Apesar de o valor cobrado pela renovação da licença de obras ser superior à taxa exigida aquando da apresentação do primeiro pedido, o CA tem dúvidas sobre a sua eficácia, pelo que propõe que se discuta esta questão.

Os 36 casos de execução de obras fora do prazo analisados pelo comissariado revelaram atrasos que variavam entre os dois e os 72 dias, perfazendo um total de 1019 dias de incumprimento do prazo.

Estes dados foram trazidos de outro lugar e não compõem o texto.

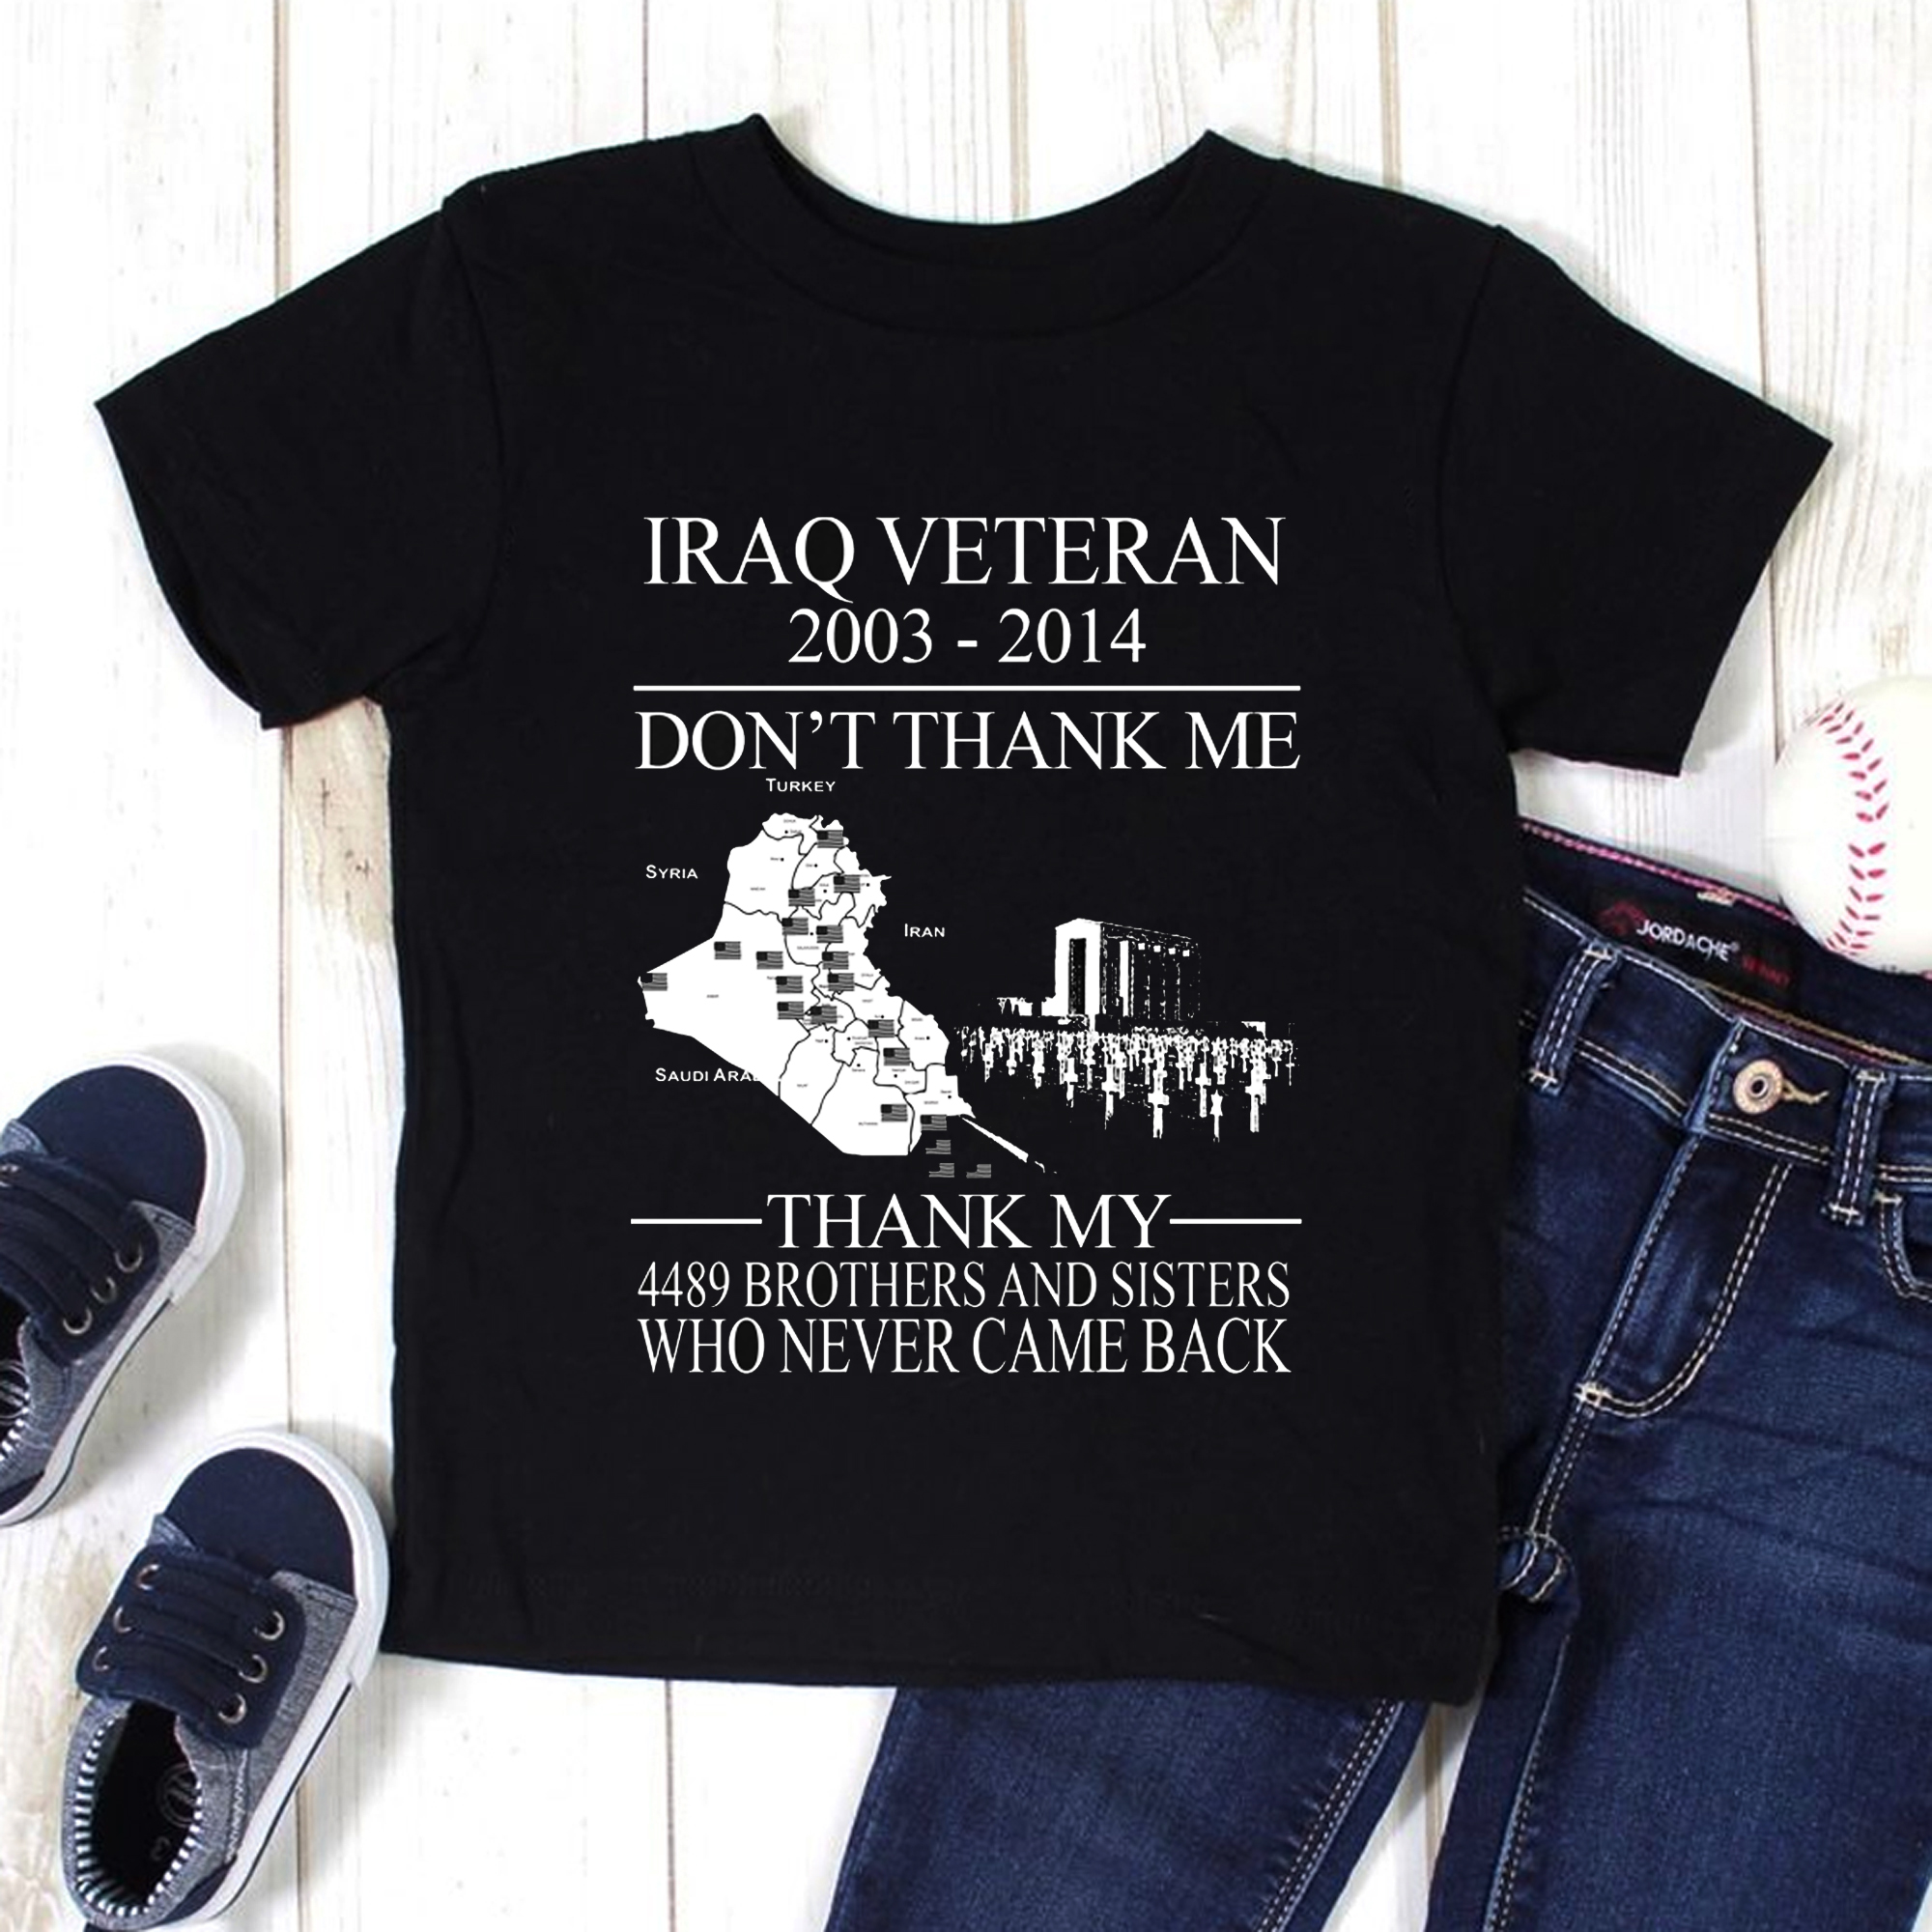 Iraq Veteran Shirt 2003-2014 Don't Thank Me

Em 11 destes casos, não foram aplicadas sanções por causa do tempo excessivo.

Ainda no que toca ao cumprimento dos prazos, o IACM não tem exigido a sua contagem formal e não procede à supervisão dos trabalhos de fiscalização, sublinha-se no relatório. “Verificou-se que os fiscais de obras inviabilizam a análise dos pedidos de suspensão de obras por parte do superior hierárquico, não sendo possível a este último tomar conhecimento e tratar de todos os casos de execução de obras fora do prazo.”

Coisa rara

O panorama que o Comissariado da Auditoria encontrou em matéria de coordenação de obras nas ruas leva o organismo a tecer duras considerações sobre os organismos e pessoas envolvidas.

Recordando que, ao contrário do que acontecia até há bem pouco tempo, as intervenções nas ruas deixaram de ser pontuais, o CA defende que “a (quase) constante ocupação das vias públicas e o consequente transtorno (também ele, quase constante) do dia-a-dia da população, e a imprudência na forma como as obras são planeadas e executadas, são extremamente raras no mundo inteiro”. Isto faz com que se aconselhem as entidades públicas a “analisarem profundamente a situação actual”, para que se evite uma situação ainda pior.

Embora não fosse o principal âmbito da auditoria, o trabalho levado a cabo permitiu constatar “lapsos na implementação de políticas e no cumprimento das atribuições das entidades públicas responsáveis”, ou seja, Grupo de Coordenação, constituído por várias entidades públicas, e IACM.

“Por entre dúvidas e críticas dos cidadãos, as entidades públicas envolvidas nestes trabalhos continuam a agir como muito bem entendem e a defender que os seus procedimentos e métodos de trabalho são eficazes, destacando os pequenos sucessos e ignorando, no entanto, o alto preço pago, em termos de perda de qualidade de vida, pelos cidadãos”, anota o comissariado. “As entidades em causa não são capazes de enfrentar, de forma séria, a gravidade dos problemas causados pela repetição de obras viárias”, prossegue, “e muito menos são capazes de garantir, de forma séria, o cumprimento dos prazos das mesmas”.

Não hesitando em atribuir a culpa à “falta de responsabilidade e empenho dos responsáveis”, o CA deixa algumas propostas para resolver o problema, começando pela “capacidade e determinação” de quem tem responsabilidade na matéria. Depois, sugere “uma reforma profunda dos procedimentos”, onde se incluem a colmatação de lacunas existentes, a actualização do regime em vigor e “o rigoroso cumprimento” da leis e normas existentes.